LBR: Banks are deleing with the impact of two particular international accounts standards IAS 32 and 39 dealing with financial instruments. Looking at the experience in India, for intense, with these tow standards and their implementation, how do you think banks should approach this challenge broadly?
A: I think the challenges that you alluded to is also because these standards are quite complicated. So to start off with people are uncomfortable just reading the standards itself. There is a lot of terminology and jargon in these standards. So you do need to cut through all of that to get to the heart of these standards.
My suggestion would be that banks need to quickly deal with these standards because they are not going to go away. But at the same time you need to realize that you need to fairly pragmatic approach to the principals that are set in these standards.

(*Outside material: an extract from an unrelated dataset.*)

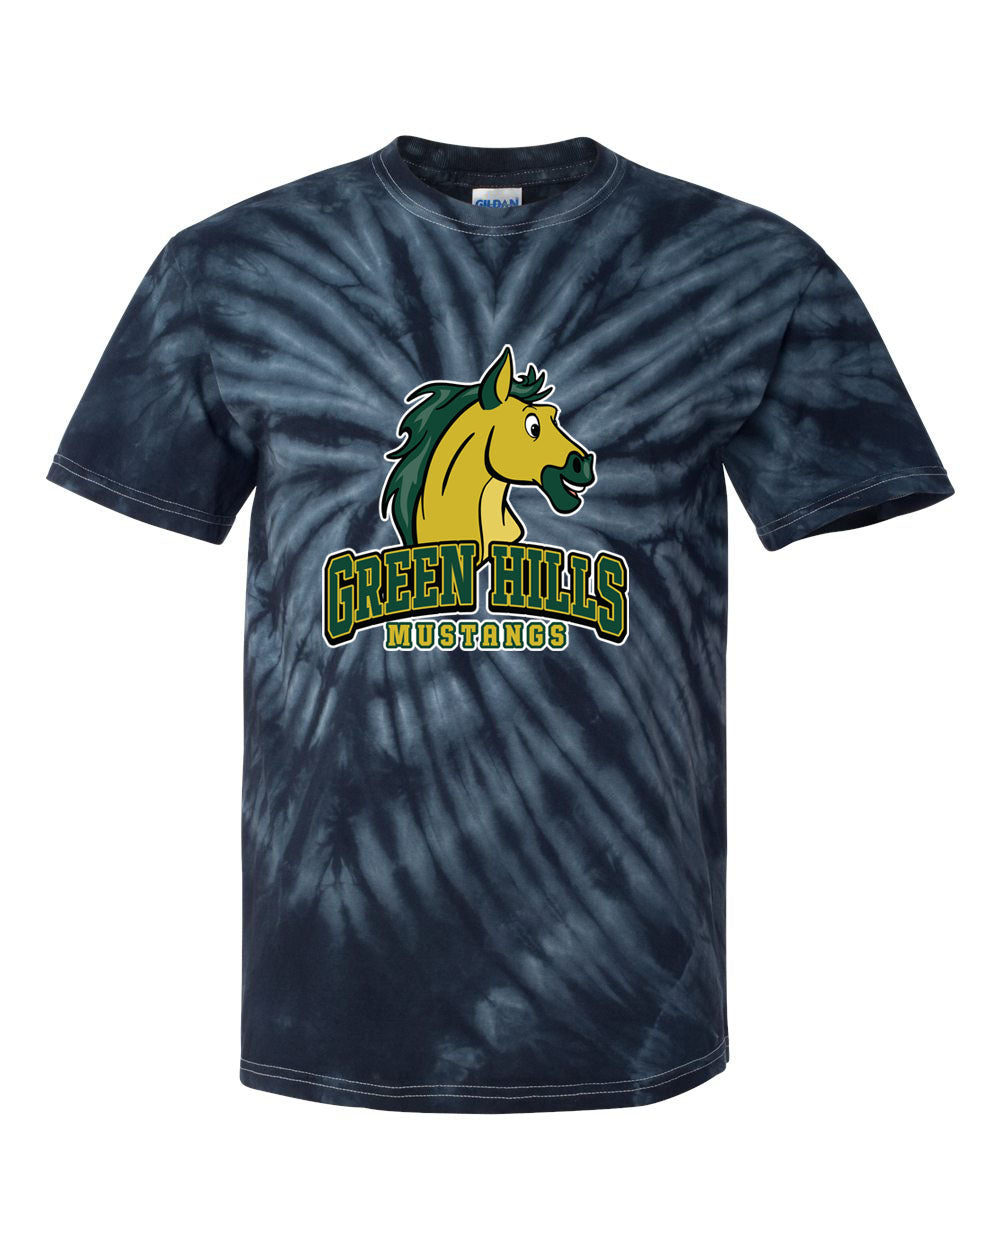 Green Hills Tie Dye t-shirt Design 14

For an instance not everything in those standards is been written for a Sri Lankan context. So you need to think about how you need to adapt those standards to local context. You should do so in a manner that is feasible to do on an on going basis. Certainly I don’t think either the standards centers or the central bank wants a situation where you just have a theoretical construct around how these standards are applied.
But it does also mean practically that at the heart of the business of a bank, for example lending, is likely to be significantly impacted by the application of these standards. Today for instance the way a non performing loan is recognized in the Sri Lankan banking sector is based on set of rules based on number of dates passed due. IFRS or SLAS 41, 45 which is a local standard, focuses much more on the application on judgment by a bank to determine that. Judgment is a number of factors, its difficult to document, its difficult to consistently apply across an organization itself and certainly even across a sector. So I think there are significant challenges facing banks in this context and I think earlier they start to deal with it the better their position will be.

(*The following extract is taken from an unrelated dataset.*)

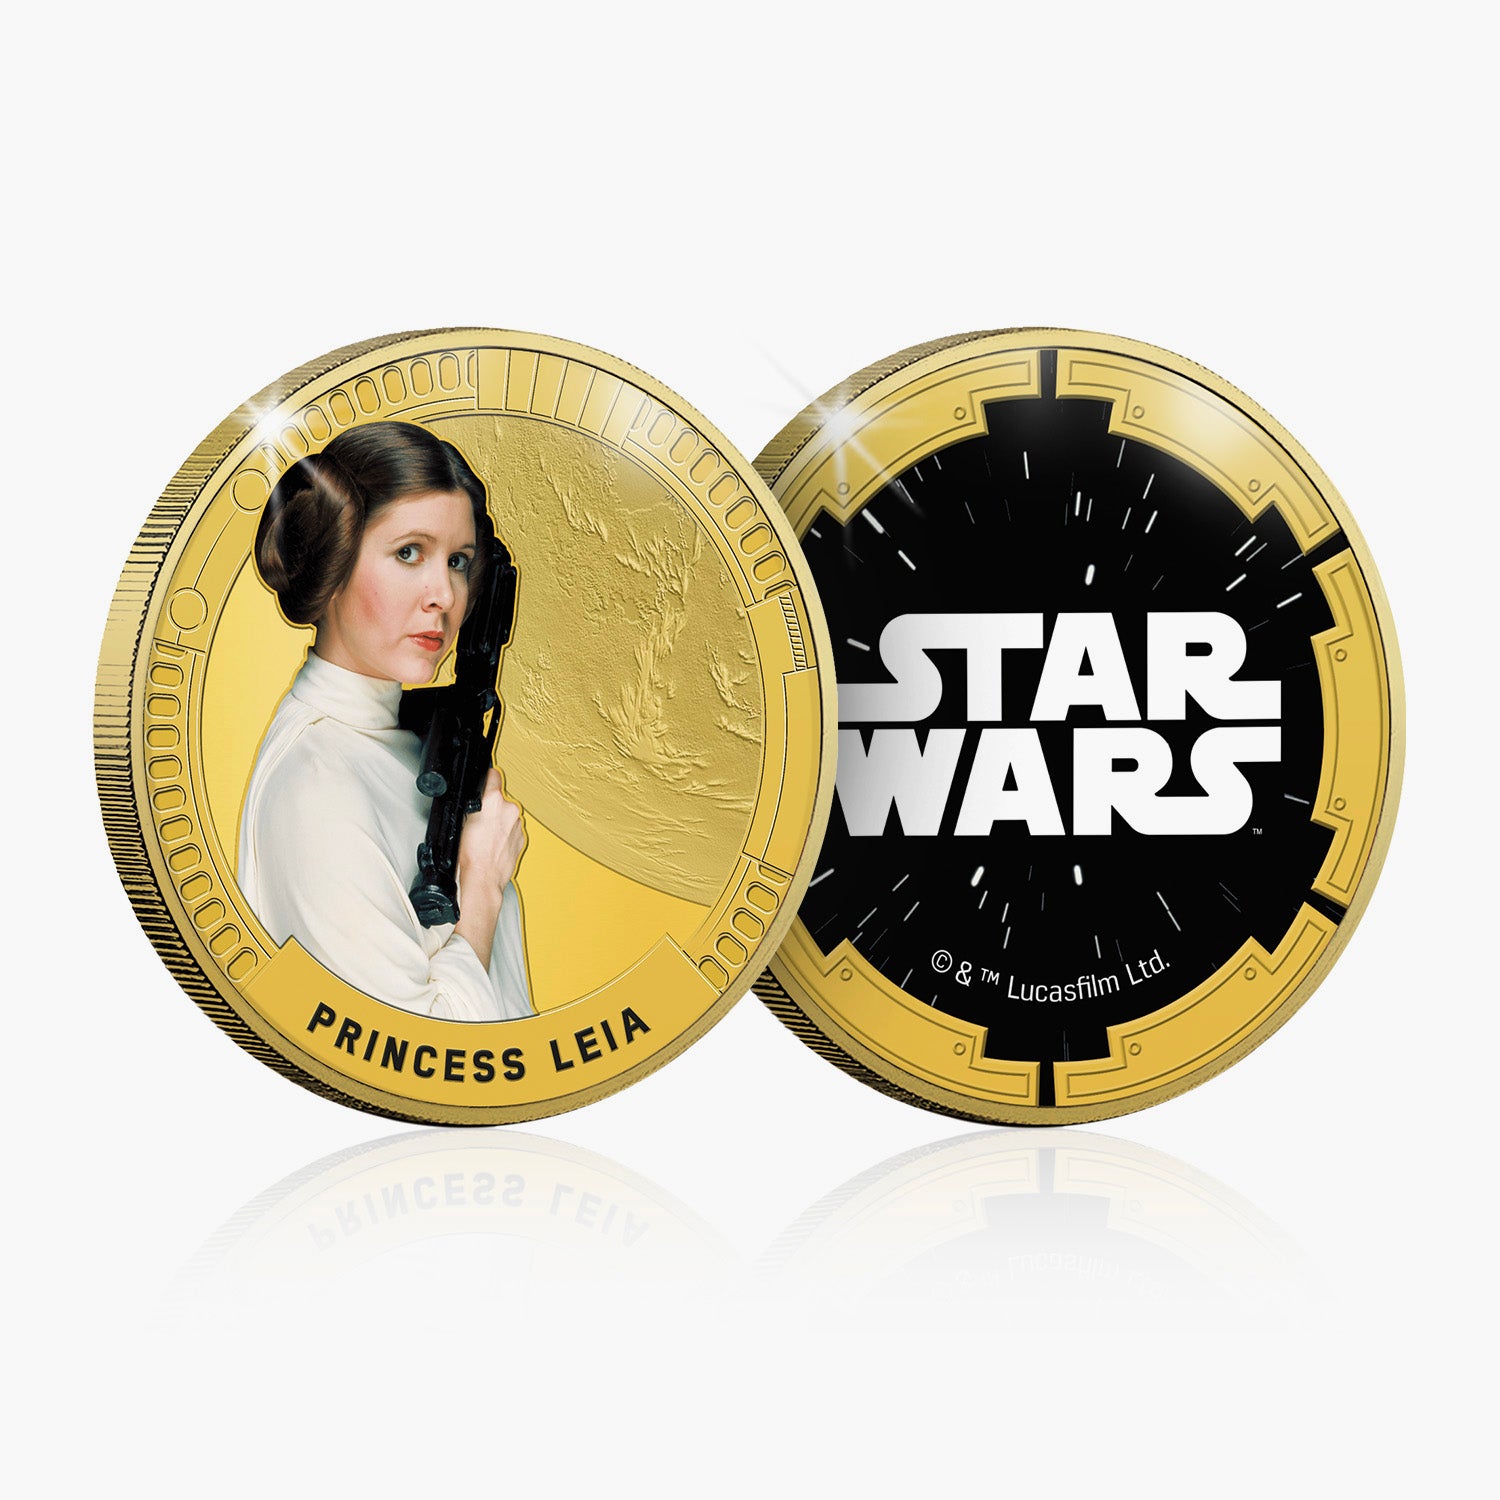 Princess Leia Gold - Plated Commemorative

LBR: Anything you want to add to round off the discussion?
A: I think this is a step in the right direction. We should not overstate or understate the challenge. Its an important one and for Sri Lankan companies to be viewed as full players in the world stage, so to speak, they do need make sure that they recognize the importance of also reporting from a financial perspective in a language the world is increasingly speaking in. It’s a challenge and people need to work through it in a systematic and sensible manner.